Annette Kuhn divides blonde stereotypes in cinema into three categories in The Women's Companion to International Film:
- The "ice-cold blonde": Kuhn defined it as "a blonde who hides a fire beneath an exterior of coldness". She provided Grace Kelly as an example. English actress Madeleine Carroll originated the role in Alfred Hitchcock's The 39 Steps (1935), with Kelly among those who would follow her.
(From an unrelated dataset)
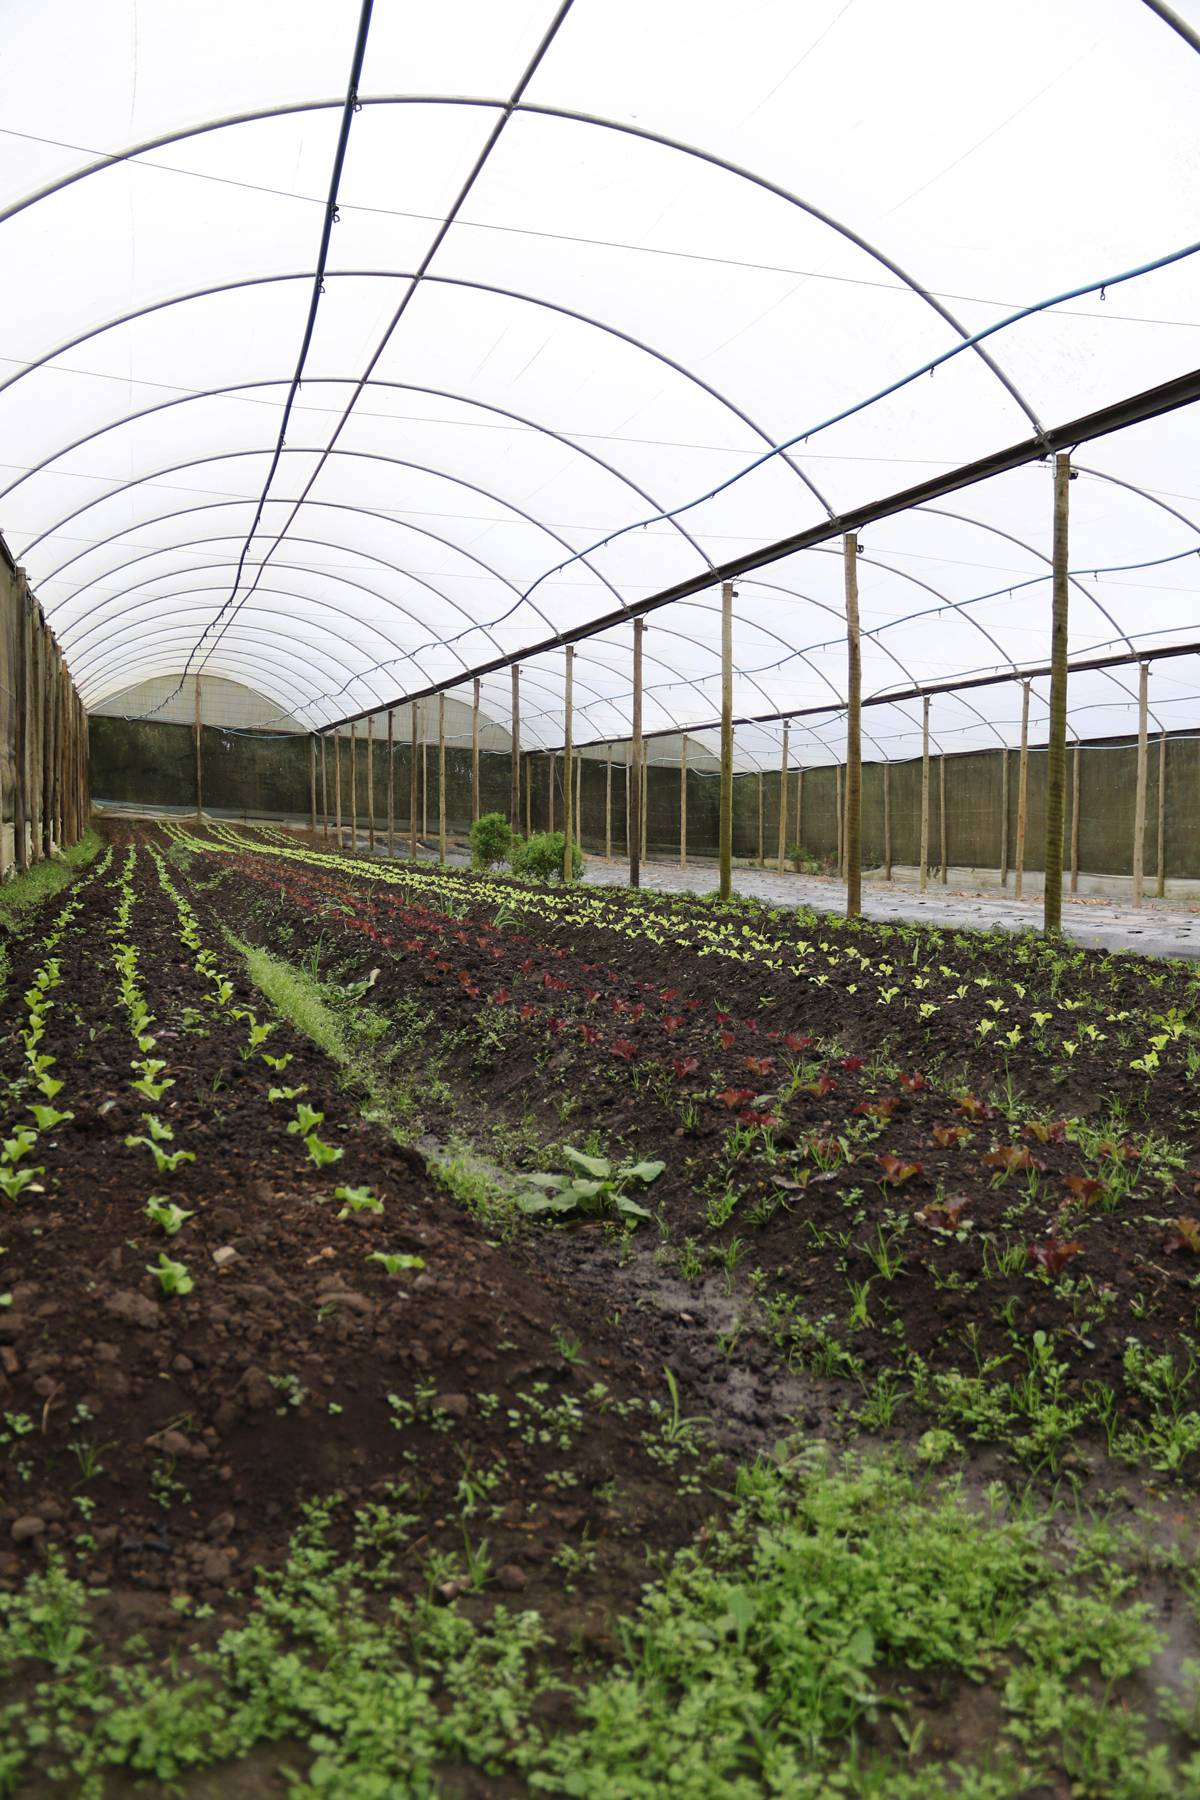 Estufa com parte dos alimentos orgânicos da fazenda também abriga morangos | Eliane Quinalia

- The "blonde bombshell": Kuhn defined it as "a blonde with explosive sexuality [who] is available to men at a price". She provided Brigitte Bardot, Lana Turner, Jean Harlow, Joan Blondell, Mae West, Barbara Eden, Marilyn Monroe, and Diana Dors as examples.
- The "dumb blonde": Kuhn defined it as "a blonde with an overt and natural sexuality and a profound manifestation of ignorance". She provided Jayne Mansfield, Marion Davies, Alice White, Marie Wilson, and Mamie Van Doren as examples.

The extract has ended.